Although expensive, the reopening and constant channel maintenance of the Aguas Negras channel is compulsory to guarantee the influx of freshwater to CGSM and hence keep pore water salinities below the mangrove tolerance limits. However, due to the heavy sediment loads that CGSM is constantly receiving from the Magdalena River and the modified hydrology of the wetland, and as proven by the case of station M3 in the New Clarin Channel, initial reopening alone may not be sufficient to keep low salinities. The lack of knowledge on the hydrology of CGSM hampers the possibility of finding new ways to improve water quality and enhance mangrove growth and ecosystem functioning. The recent rising of salinity concentrations once again should motivate environmental authorities and other actors to devote funds and personnel to research of ecohydrological processes in this wetland. As such, future restoration programs in similar coastal wetlands need a deeper understanding of their hydrology as pointed out by Van Meter and Basu (2015), specifically regarding freshwater sources and local hydrologic connectivity (Cohen et al. 2016). The necessity of this understanding is even ratified by recent studies of hydrologic connectivity in the CGSM (Jaramillo et al. 2017), to avoid future mortality episodes.

Conclusions

We here reported on more than 23 years of post-mortality mangrove recovery in the 1280-km2 Ciénaga Grande de Santa Marta (CGSM), Colombia.

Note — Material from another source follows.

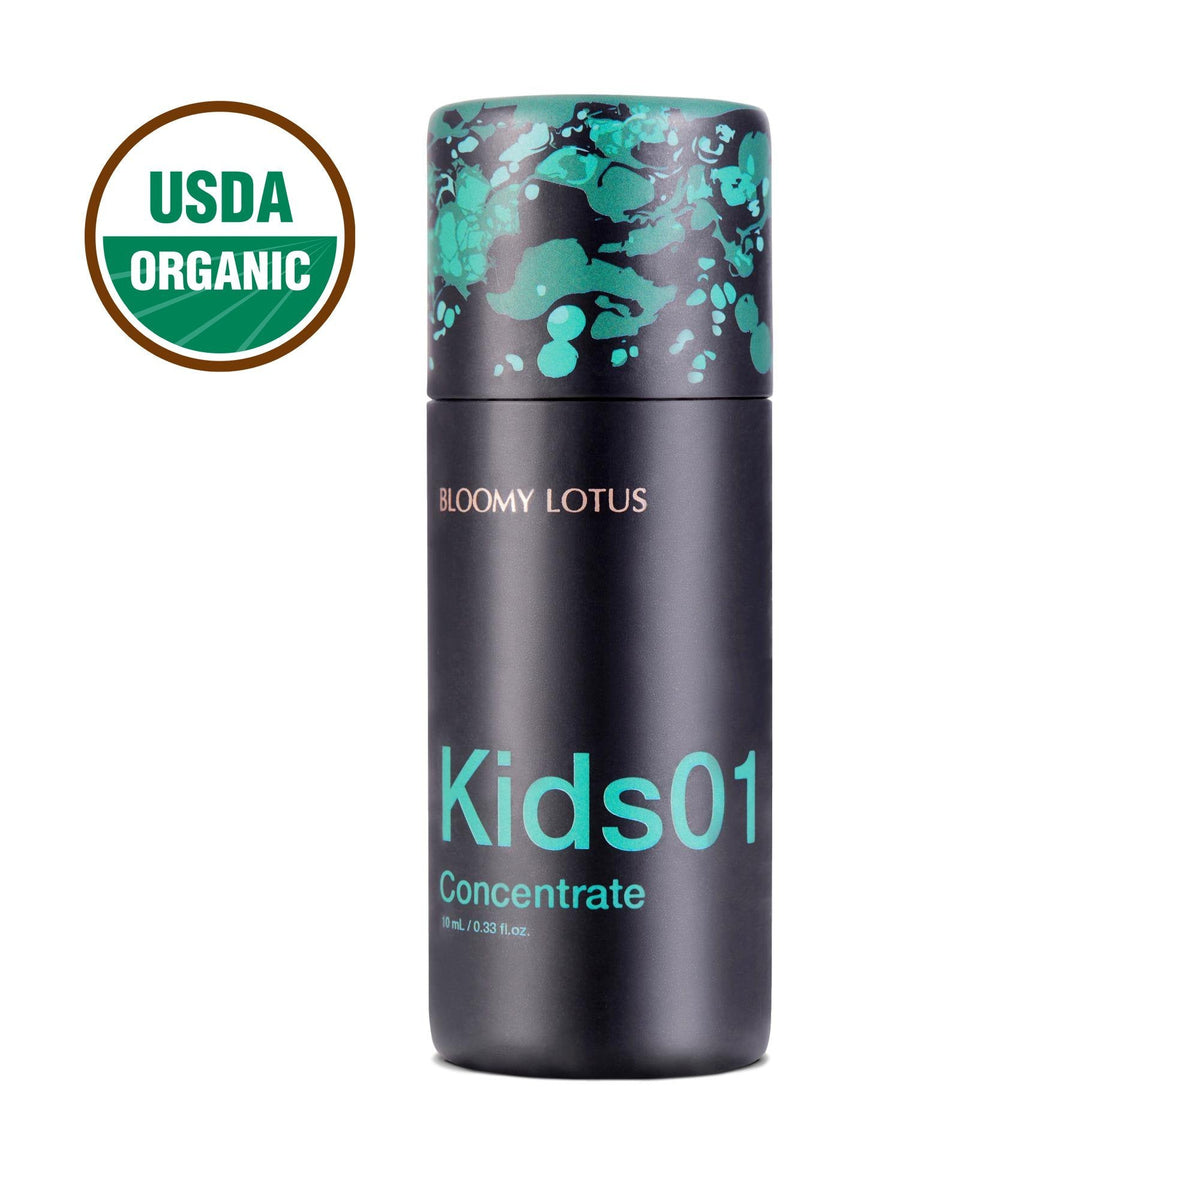 Aromatherapy Bloomy Lotus Kids01 Concentration Essential Oil, 10 ml

CGSM is one of the world’s most productive tropical wetlands and the one that has possibly experienced the largest mangrove mortality on record. We used hydroclimatic, pore and surface water salinity and mangrove basal area data collected from 1993 to 2015 to study the cause and effect of salinity changes on mangrove recovery in five stations. Annual mangrove basal area growth was found to decrease with increasing pore water salinity in three of the five monitoring stations, indicating that decreased salinity improves mangrove recovery. Until 2015, the mangrove ecosystems in CGSM are in general terms in a path of recovery after the massive mortality episodes occurring between 1960 and 1994. From the period 1993–1998 to 1999–2015, basal area increased in all the monitored stations and both pore water and surface water salinity decreased significantly in all but one station. In the wet season, El Niño/Southern Oscillation explained most of the inter-annual variability of surface water salinity by regulating freshwater input through the two main tributary rivers and local precipitation. In the dry season, El Niño/Southern Oscillation appears to control salinity by regulating potential evaporation in the wetland as seen by the relation between potential evapotranspiration and salinity in most stations. However, hydroclimatic variables alone could not explain observed salinity decrease in two stations. Up to date, local authorities have dredged more than 5.9 × 106 m3 of sediment to increase freshwater input into CGSM. Persistent channel reopening appeared to be the cause for the largest salinity decreases and mangrove recovery, whereas lack of persistent dredging slowed recovery in other areas. As such, the recovery of mangrove populations in the CGSM is due to a combined effect of favorable hydroclimatic conditions and effectivity of the dredging operations to increase freshwater inputs into the wetland.